Второй пожар случился неподалеку на 6-й линии. Здесь пожарные машины работали, и огонь удалось потушить.
Команда становится все более малочисленной: голод уносит одного бойца за другим. Умер Веселов, мужчина-богатырь, косая сажень в плечах. Это его умелыми руками были сделаны железные печурки — «буржуйки», около которых мы отогревались. Люди его комплекции, здоровые, сильные, нехватку еды ощущали острее… Абрамов ушел получать зарплату в свое учреждение и не вернулся. Потом узнали — обессилел дорогой, умер у самого порога учреждения.
Смерть заглянула и в нашу семью. 3 января скончался Константин Михайлович, мой тесть. Хлеба своего он дождался, на январь карточки получили, но оказалось — уже поздно. Организм был бесповоротно подорван. Ни 1-го, ни 2-го января старик уже не смог съесть свой паек… Бойцы помогли мне схоронить его на Смоленском кладбище.
Уходя с кладбища, я оглянулся. Найду ли после войны могилу близкого мне человека, сумею ли показать Соне, где похоронен ее отец? Мелькнула горькая мысль: сам-то доживу ли до конца войны, не лягу ли раньше по соседству? Медленно пошел дальше, жалея, что нет под рукой палки: без нее передвигаться уже трудно…
Февраль 1942 года.
Списочный состав команды продолжает сокращаться, в помещениях казармы все просторнее, много свободных коек. Зато покойницкую приходится переводить в самый большой класс на втором этаже, рядом с лестницей. В этом классе учился мой Костя!..
Организму не хватает белков, витаминов, особенно витамина С, в связи с чем появляется цинга. Откуда взяться витаминам? В столовой на первое блюдо преимущественно дрожжевой суп, на второе — пареная немолотая пшеница, извлеченная из затонувших на Ладожском озере барж; хлеб наполовину состоит из примесей. В порядке «самозаготовки» доставали отруби, столярный и фруктовый клей. Из последнего мы с Т.М. Чиковым пекли лепешки.
Тимофею Матвеевичу приходится хуже, чем мне. У него здесь остались жена, сын и дочь, моложе, чем мои дети. Я вижу, как он изводится в заботе о них, как отрывает от своей мизерной нормы, чтобы снести домой какой-нибудь фунт отрубей, малосъедобных шрот…
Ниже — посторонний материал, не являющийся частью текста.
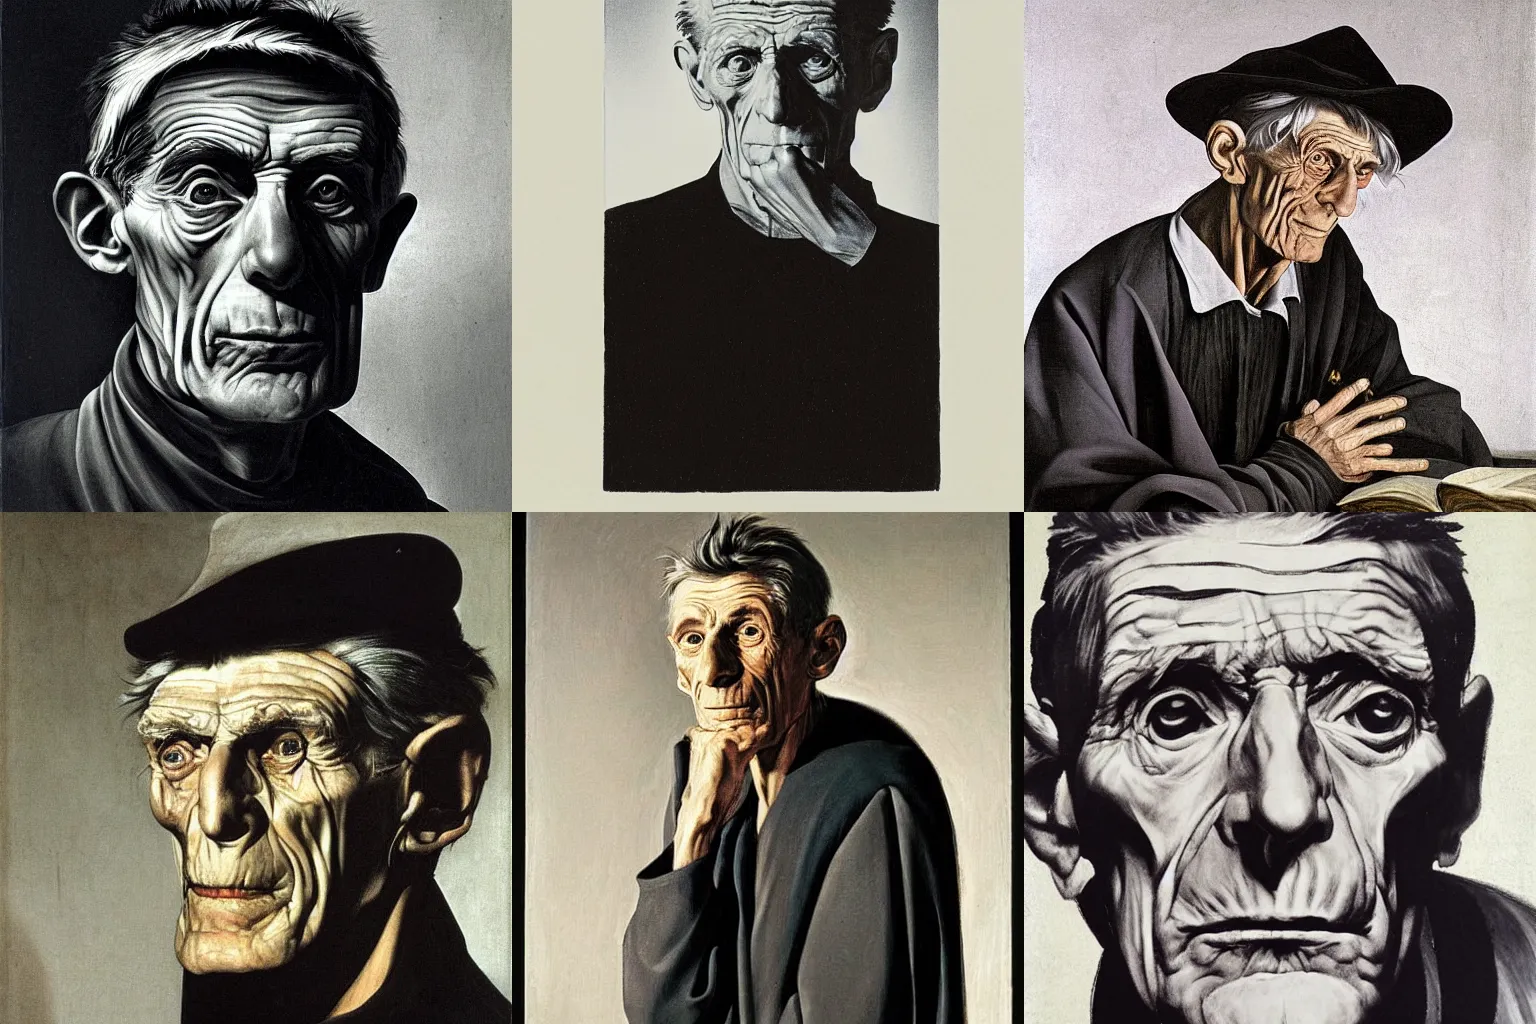 Prompt: portrait of Samuel Beckett by Caravaggio

Еще с осени в городе переловили голубей, ворон, галок. Теперь взялись за кошек и собак. Однажды Чиков явился в команду с улыбкой на лице:
— Ну, Николай, мяса сегодня достал!
— Да что ты! Какого же?
— Кошачьего!..
Говорили, что своим вкусом это мясо напоминало кроличье. Не знаю, я так никогда и не решился его попробовать.
Впрочем, мое семейство тоже уехало не все. Квартира недалеко от казармы и, выбрав минуту-другую, я забегаю домой: посмотреть, как живут обе дочери, внучка, зять.
По пути домой в конце Тучкова переулка, у домов № 15 и 17, каждый раз натыкаюсь на покойников. Одни завернуты в простыни и одеяла, другие лежат, как умерли. Жители соседних домов знают, что мы отвозим тела на кладбище, и подкладывают покойников нам.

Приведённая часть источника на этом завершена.